[[ EXERCISE DATA open ]]

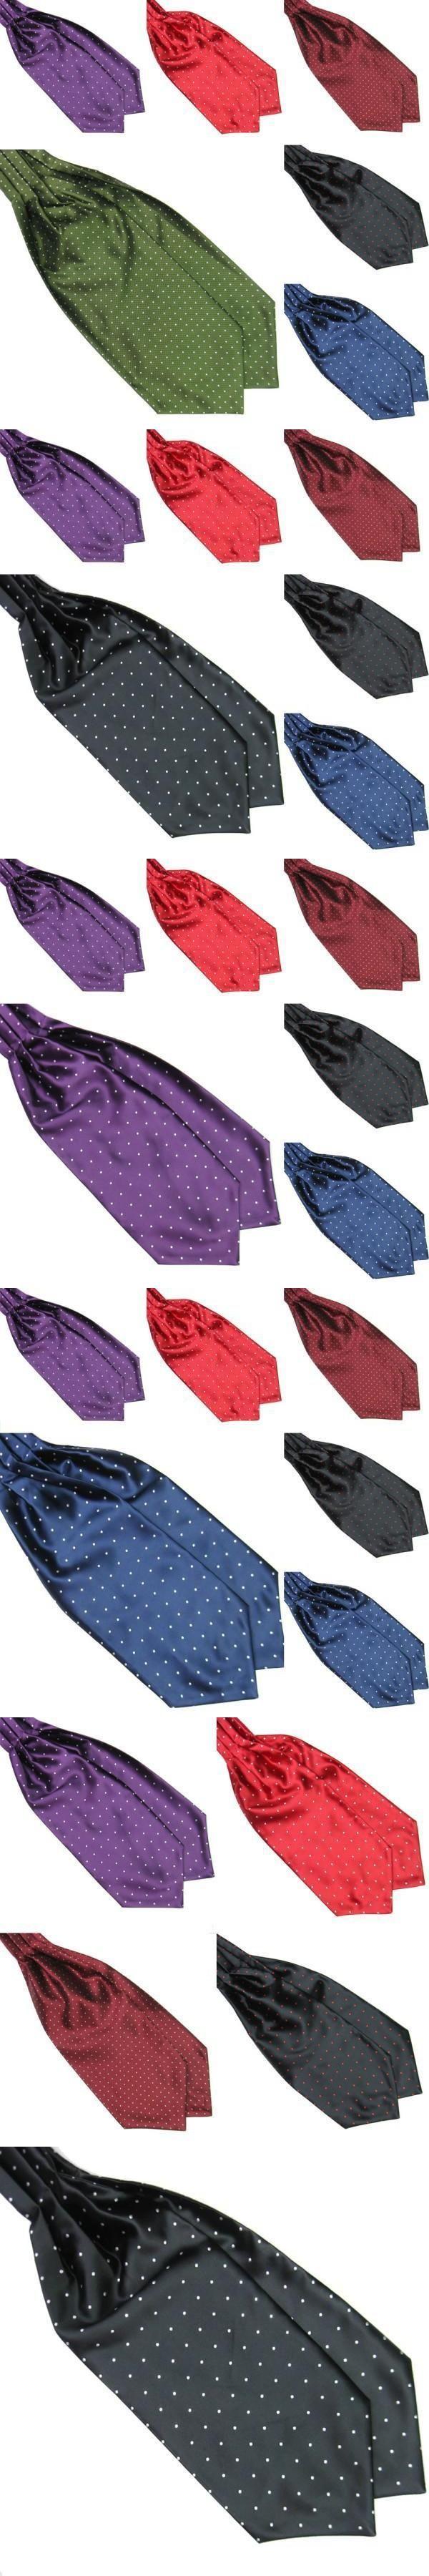 Men Fashion Polka Dot Long Silk Cravat Ascot Ties Handkerchief Gentlemen Neck Tie
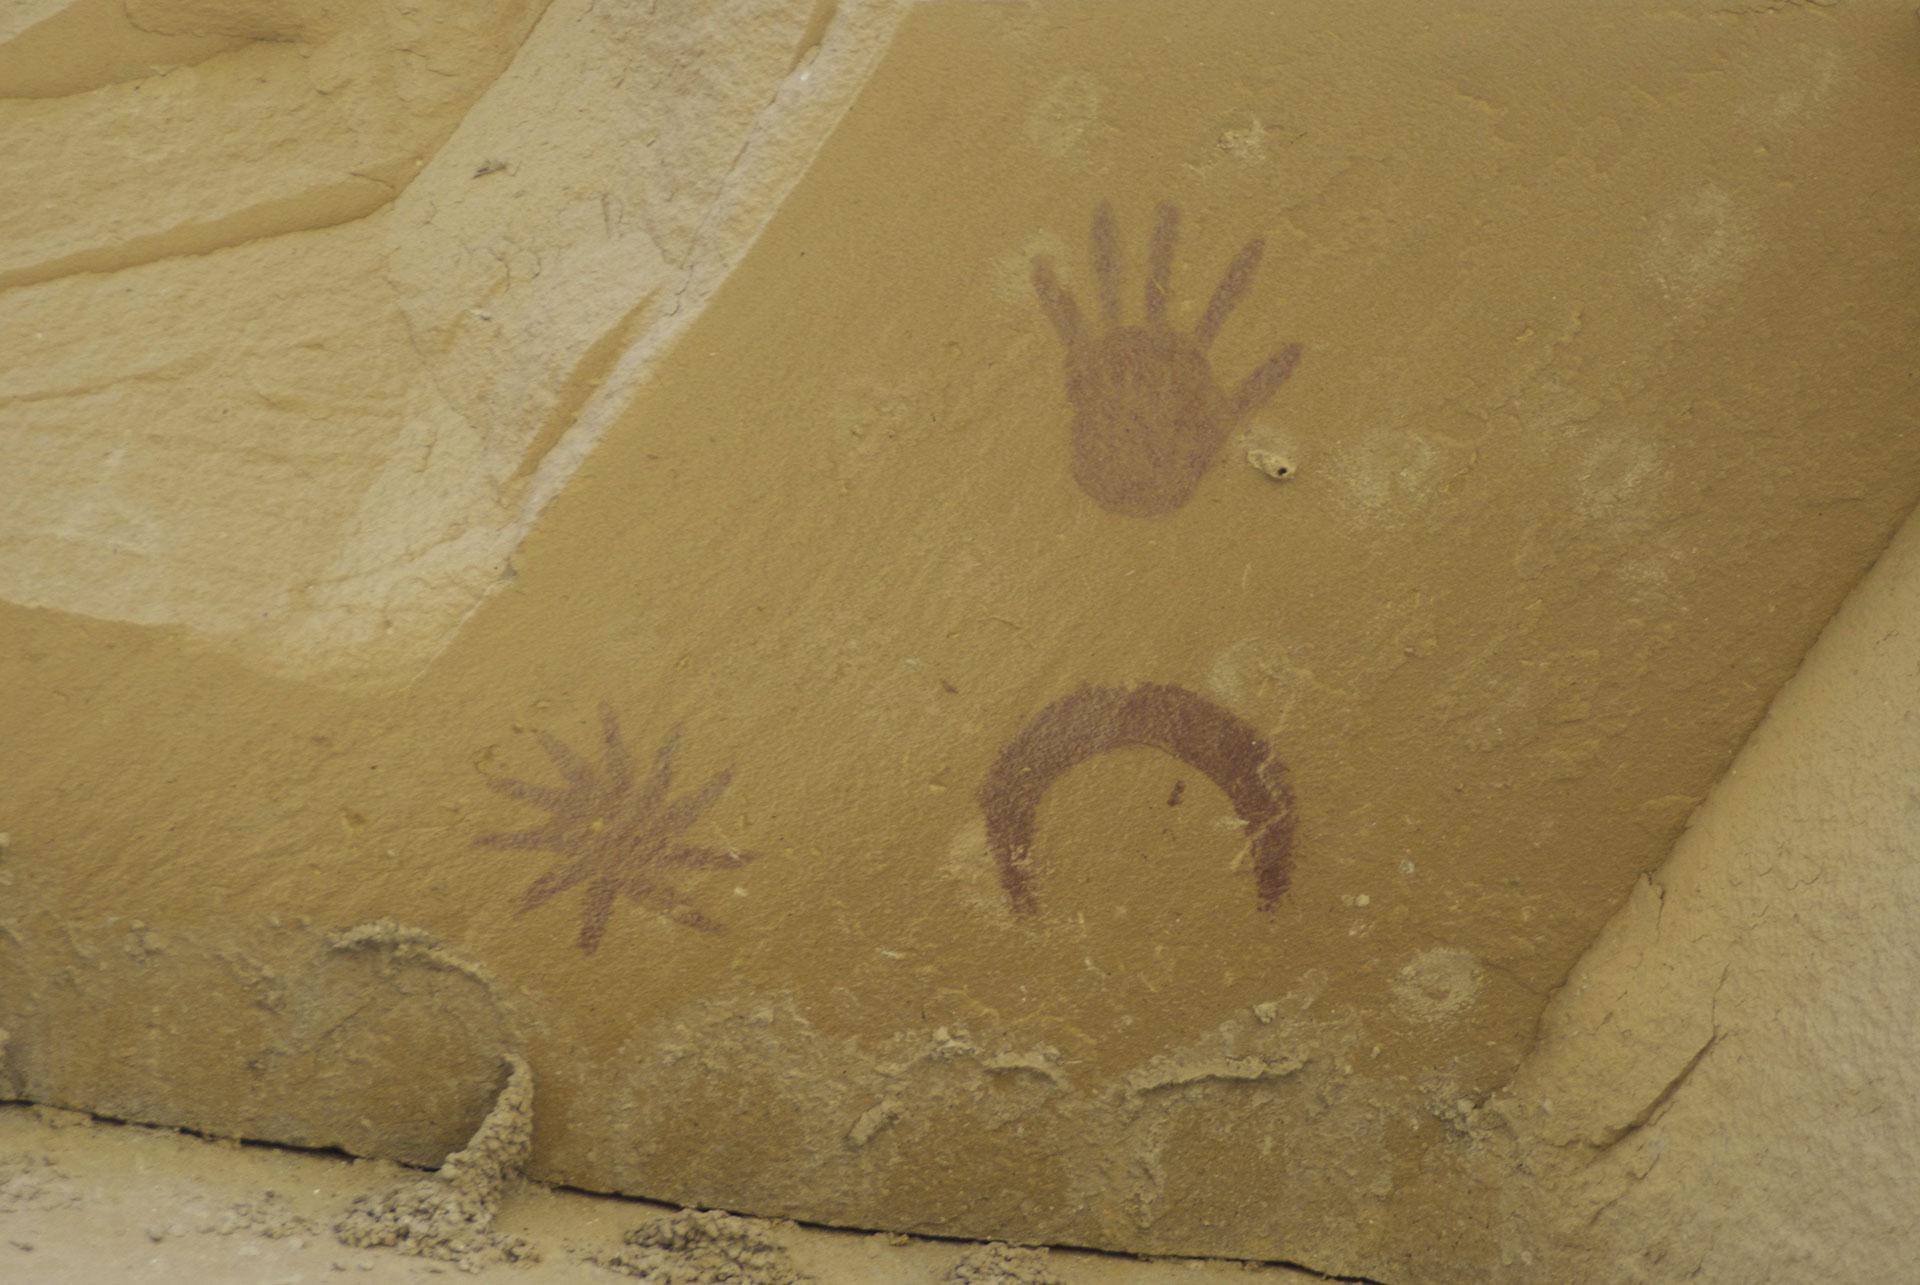 Photographie de pictogrammes représentant la lune, une grande étoile et l'empreinte d'une main. Site de Chaco Canyon, Nouveau-Mexique, États-Unis d'Amérique.
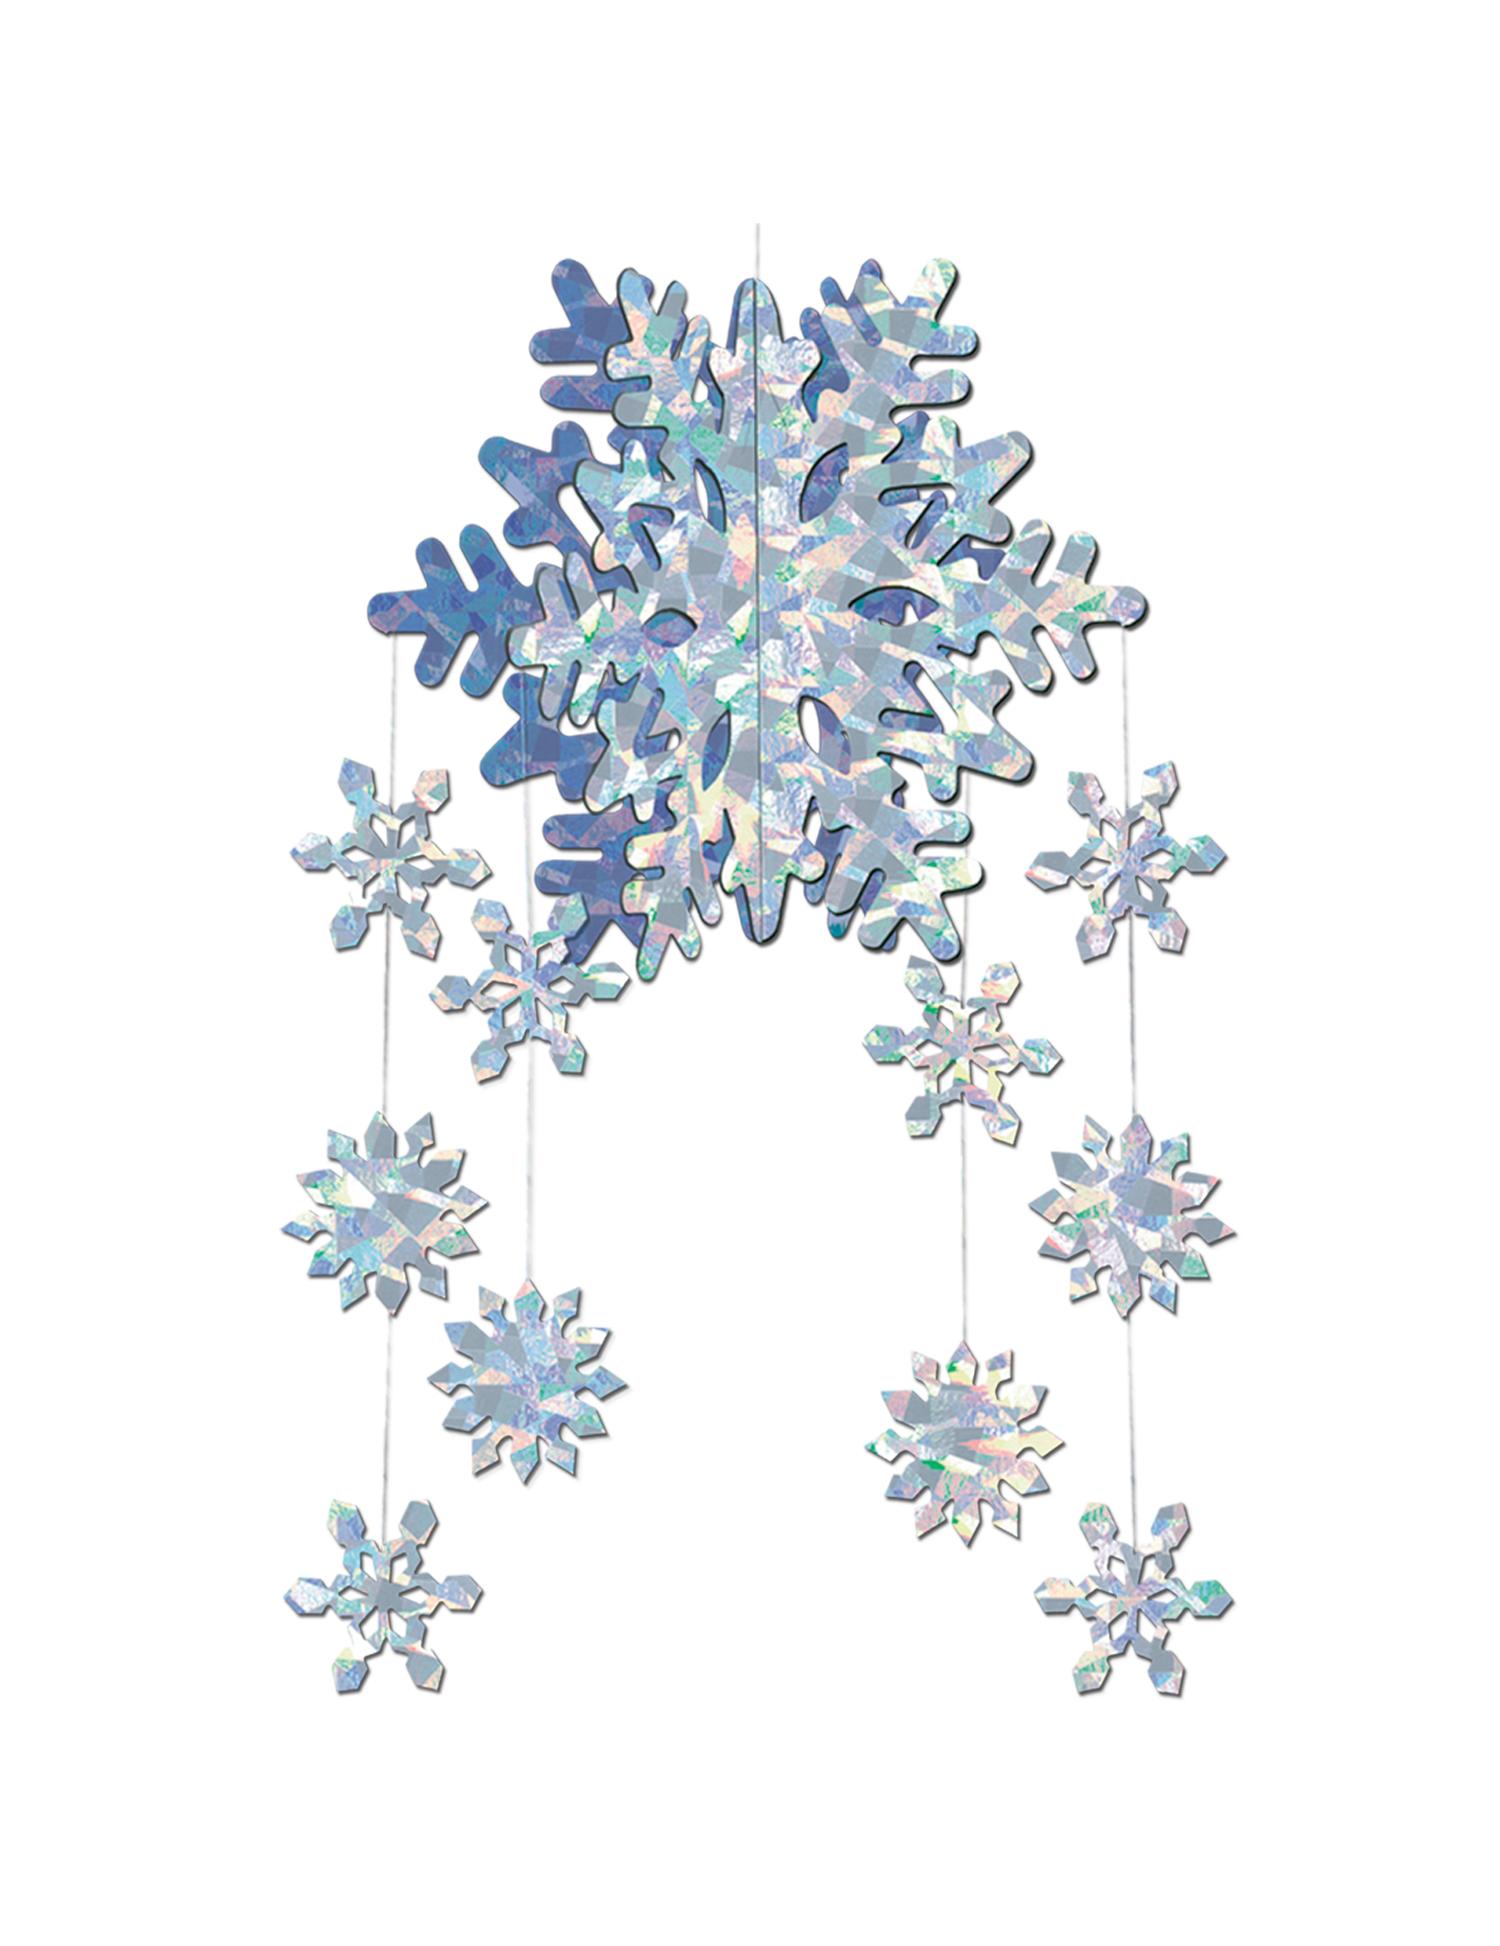 D coration suspendre flocons de neige prismatiques 3 d - Flocon de neige decoration ...

[[ EXERCISE DATA closed ]]

TASK BRIEF
What is needed is a verbatim copy of the material, minus its pictures.

REPLY TO THE EXERCISE
 Men Fashion Polka Dot Long Silk Cravat Ascot Ties Handkerchief Gentlemen Neck Tie
 Photographie de pictogrammes représentant la lune, une grande étoile et l'empreinte d'une main. Site de Chaco Canyon, Nouveau-Mexique, États-Unis d'Amérique.
 D coration suspendre flocons de neige prismatiques 3 d - Flocon de neige decoration ...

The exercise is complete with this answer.